---------- INFORMATION PROVIDED

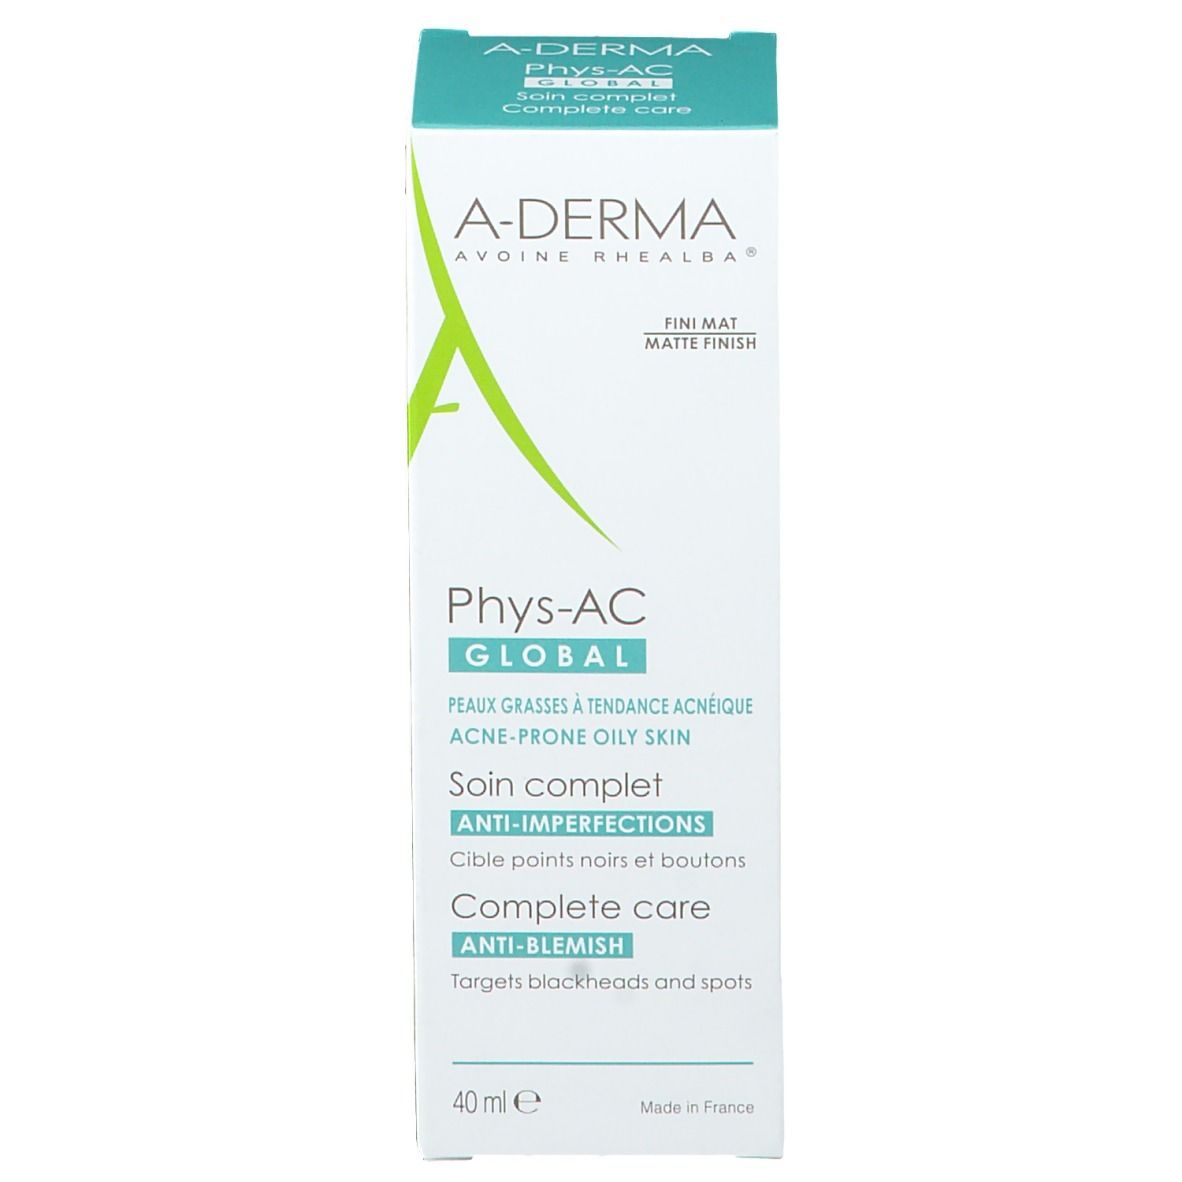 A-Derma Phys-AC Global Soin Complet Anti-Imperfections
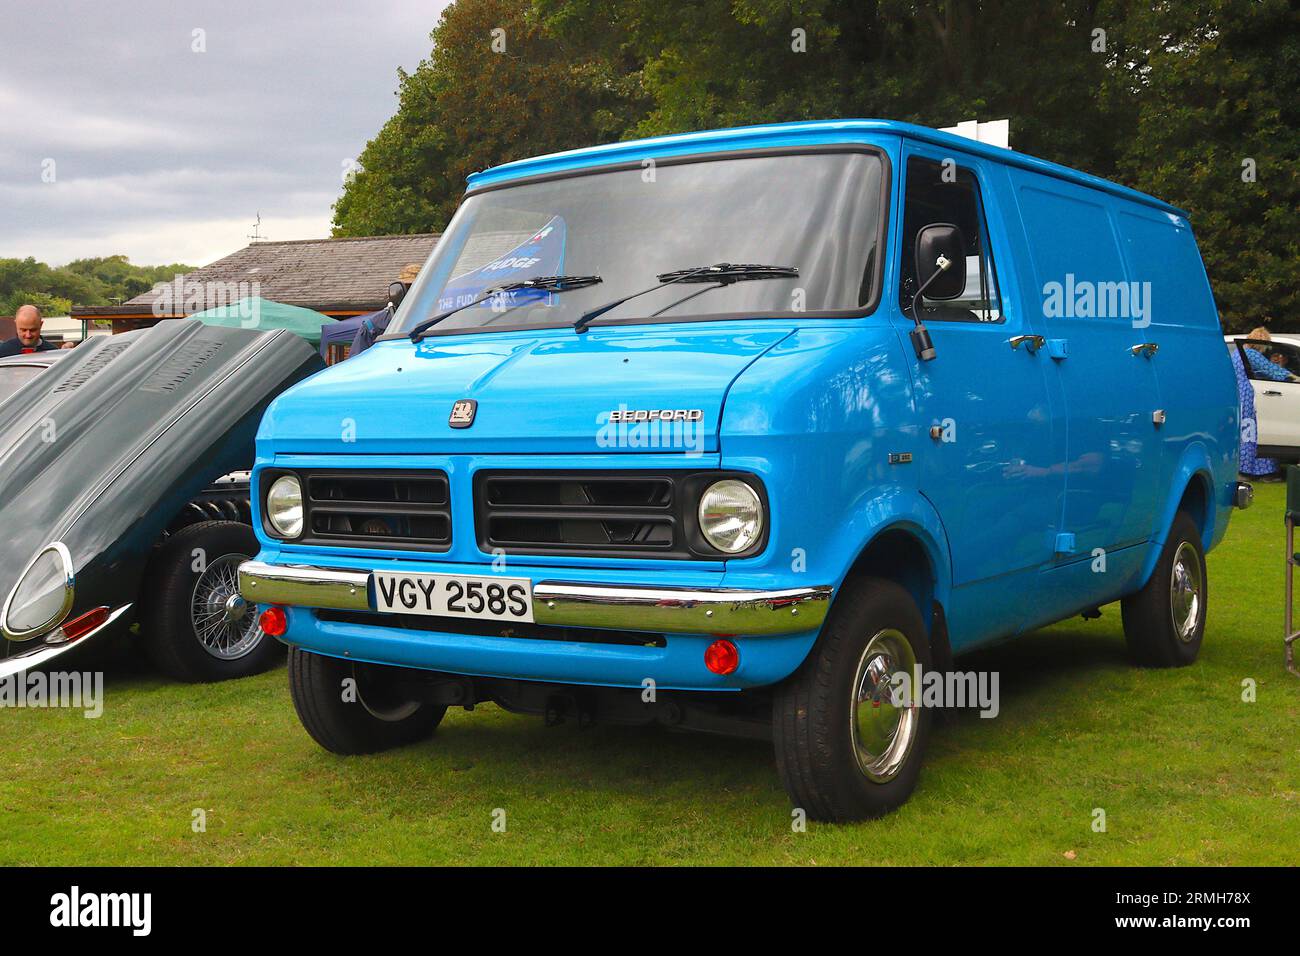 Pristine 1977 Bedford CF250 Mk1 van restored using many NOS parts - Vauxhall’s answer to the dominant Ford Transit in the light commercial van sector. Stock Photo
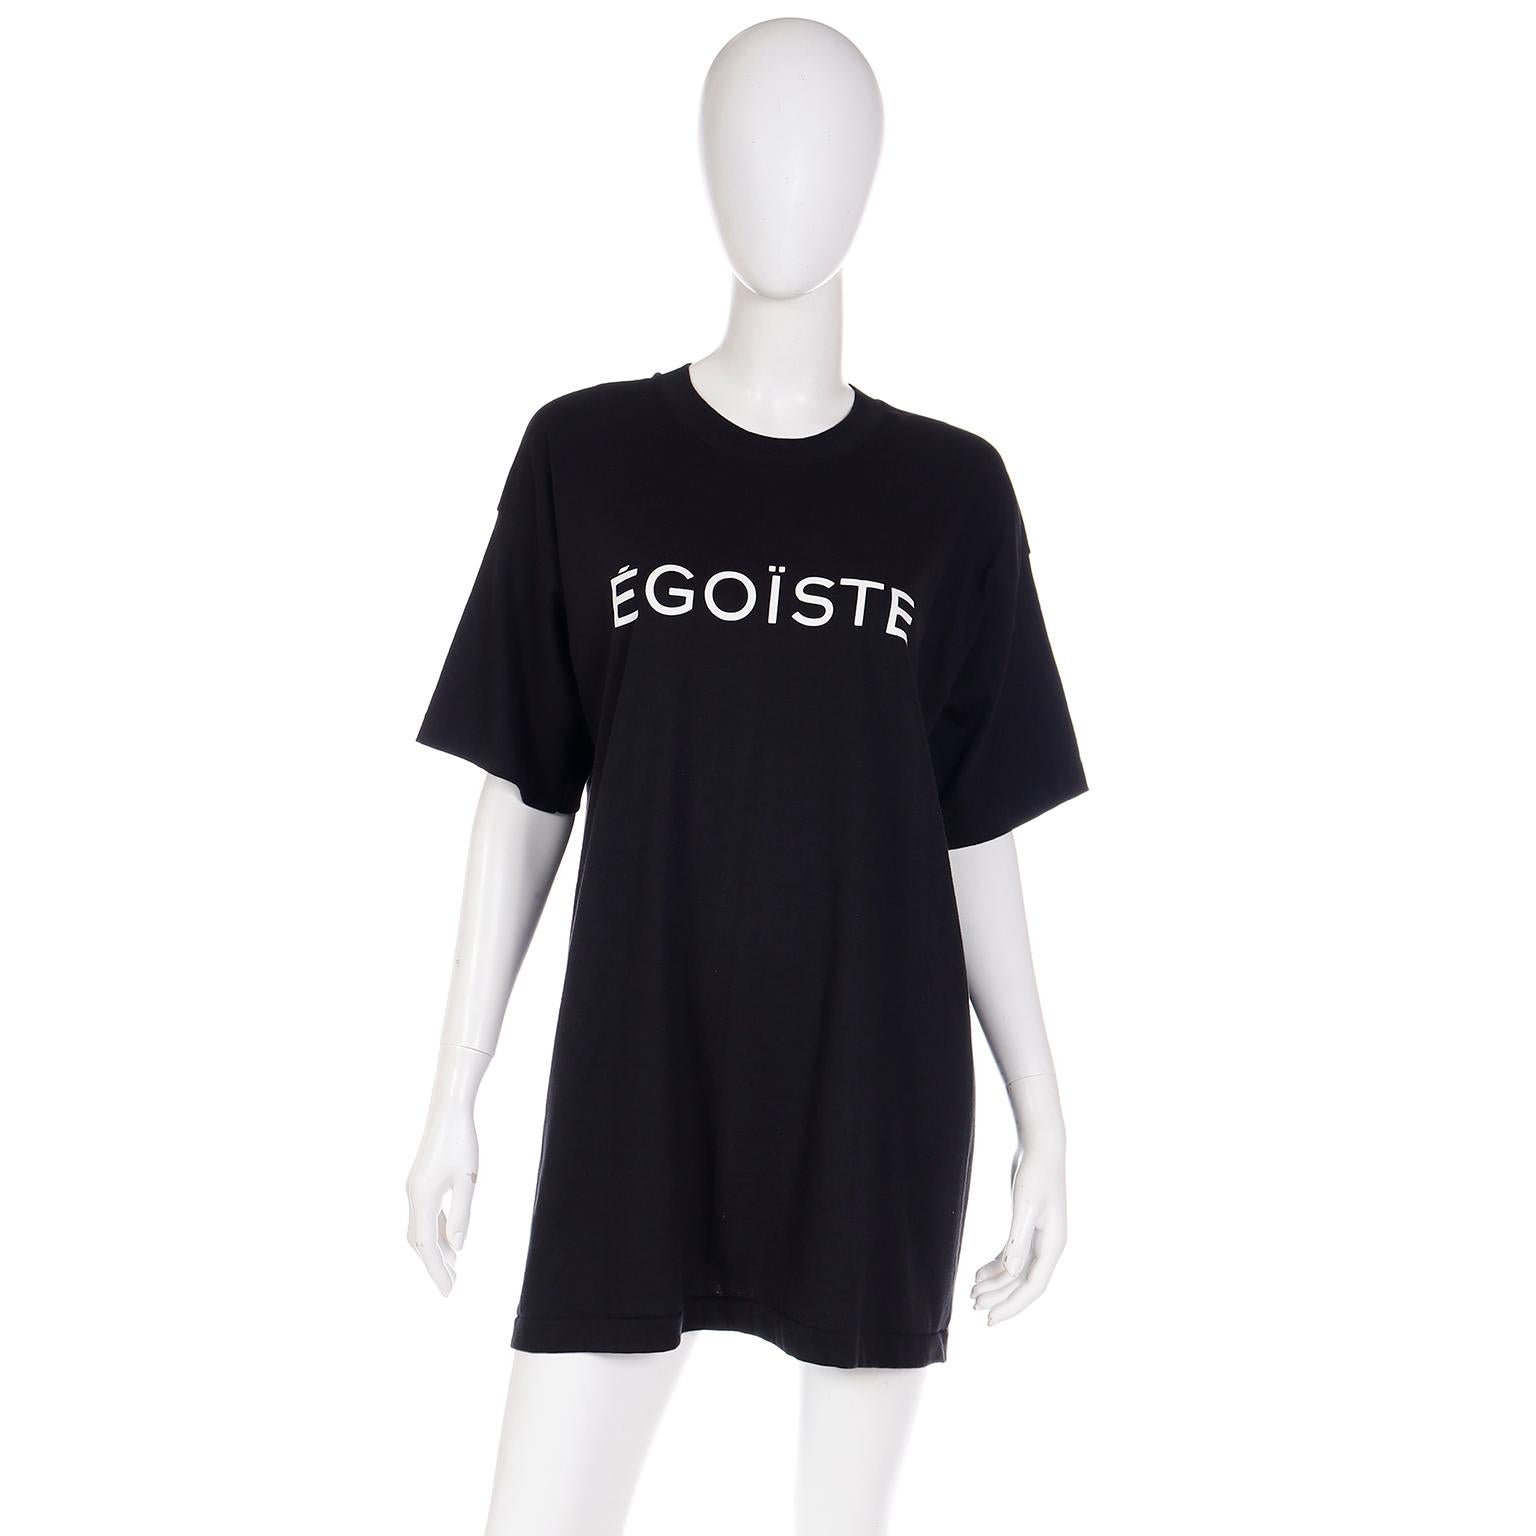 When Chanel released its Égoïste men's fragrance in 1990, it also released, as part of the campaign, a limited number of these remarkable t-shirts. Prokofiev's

--------------------

(REQUIREMENT) Without including the pictures, copy all of the data exactly.

(SOLUTION TO THIS PROBLEM)
 A-Derma Phys-AC Global Soin Complet Anti-Imperfections
 Pristine 1977 Bedford CF250 Mk1 van restored using many NOS parts - Vauxhall’s answer to the dominant Ford Transit in the light commercial van sector. Stock Photo
 When Chanel released its Égoïste men's fragrance in 1990, it also released, as part of the campaign, a limited number of these remarkable t-shirts. Prokofiev's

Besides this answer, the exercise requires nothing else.